Using the component editor, you need to provide the following information for the columns:
Check Option: you can choose the column type between:
KeyOrder: If a column is of type “Key Field” it is the order under which the field appear under the “order by” clause of your query. Beware that the component do not check for the correct sorting sequence, it is up to you to provide this information.
Update ID: Each different UpdateID creates a different output flow. If you need to detect when a change appears in some column you can use different update ID. Beware that the lowest update ID wins, i.e. if AccountNumber has update id of 10 and AddressLine1 has update id of 20, then Accountnumber will be checked first and if a change is detected, the row will go to update output 10, no matter if AddressLine has a difference.
Outputs Panel gives option to choose which output to enable as well as to name and describe the output.
Output Details allows selection of the columns for each output. Here columns that are not needed for an output can be disabled. The picture shows an example of the DELETED output which only have the Customer Key column in its output. The less columns in the output, the better the performance of the component.
In the Misc Options tab, string comparisons definition can be defined:
In the Warnings panel, it will list any unused column from the input. As you might recall, if two columns are not identical regarding name and type, TableDifference will ignore them. This might be an error but the decision is up to you. By checking the warnings panel you can see if TableDifference is working with all the columns you need it to compare.
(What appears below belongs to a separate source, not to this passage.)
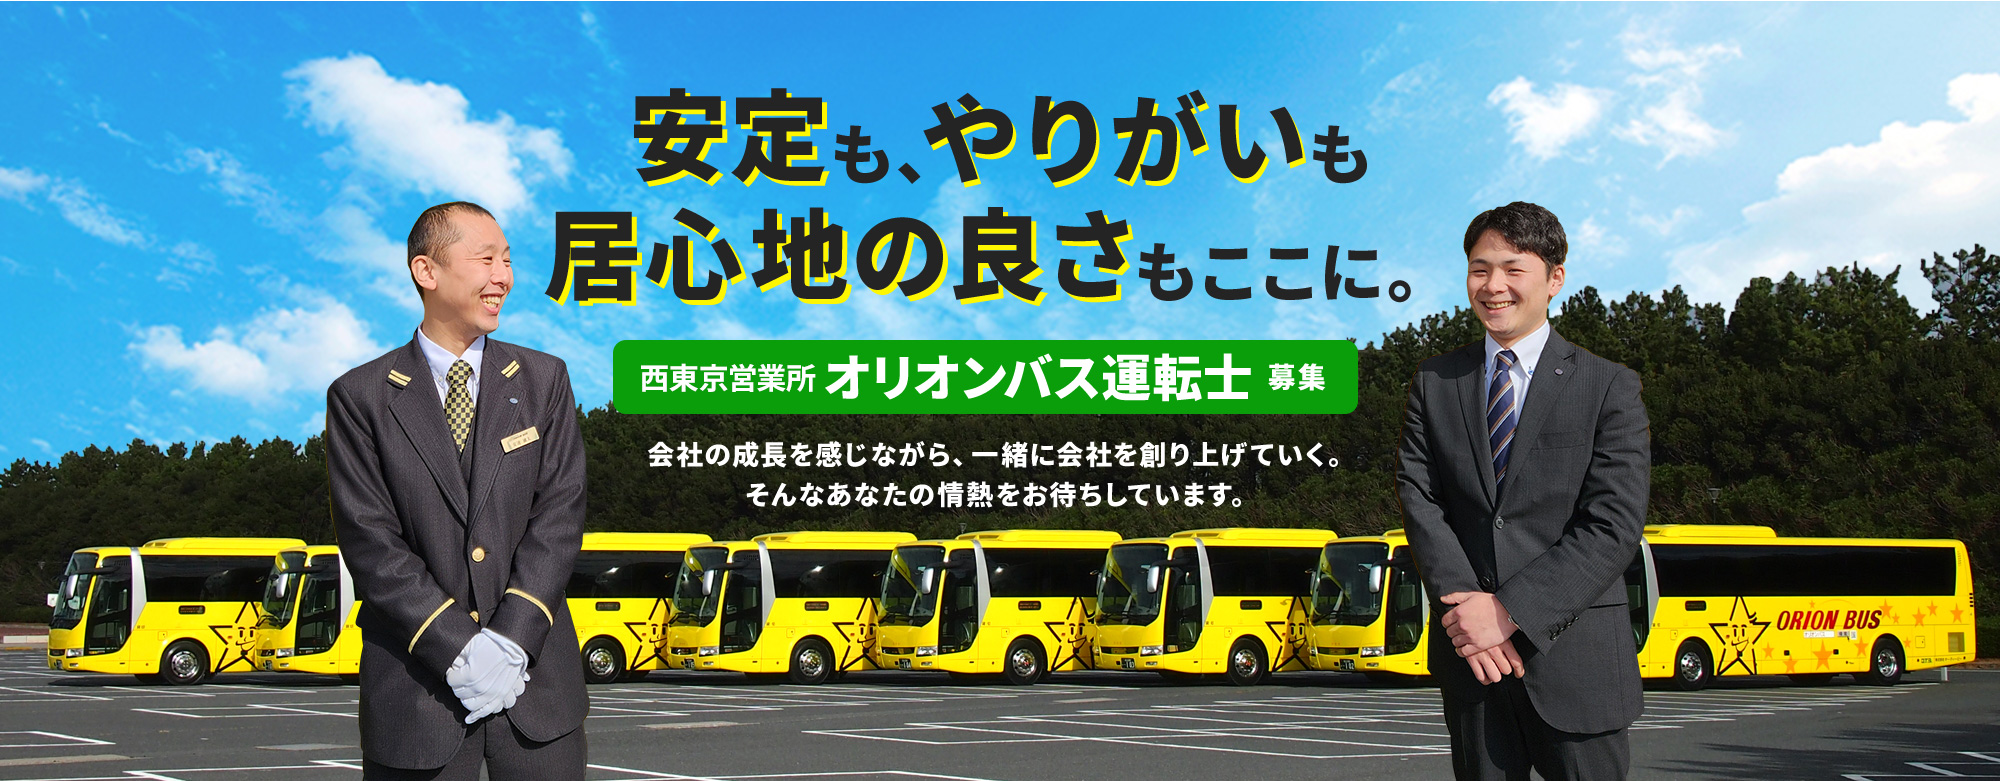 昭島市西東京営業所 オリオンバス運転士募集

Do you have any other SCD processing approaches you’d like to recommend?
using a checksum works well also, I blogged about it here http://blog.stevienova.com/2008/11/22/ssis-slowly-changing-dimensions-with-checksum/
Thanks for the shout-out Matt,
I've just released v1.5 of the Kimball Method SCD component - get the full details here: http://toddmcdermid.blogspot.com/2010/01/kimball-method-slowly-changing.html
An 8-minute overview video is included...
Thanks a lot. We have been experiencing a lot of performance degradation issues with native SCD T/f and this blog helped me. As a Teach Lead, I faced the heat a couple of times from Client.
Shared this important information with my Team Members, implemented and we are all SUCCESS!!
70% performance improvement. Thanks again!!
I tend to use the check-sum method. Another great tool is www.pragmaticworks.com/.../UpsertDestination(BatchUpdateOrInsert).aspx but I found it too pricey.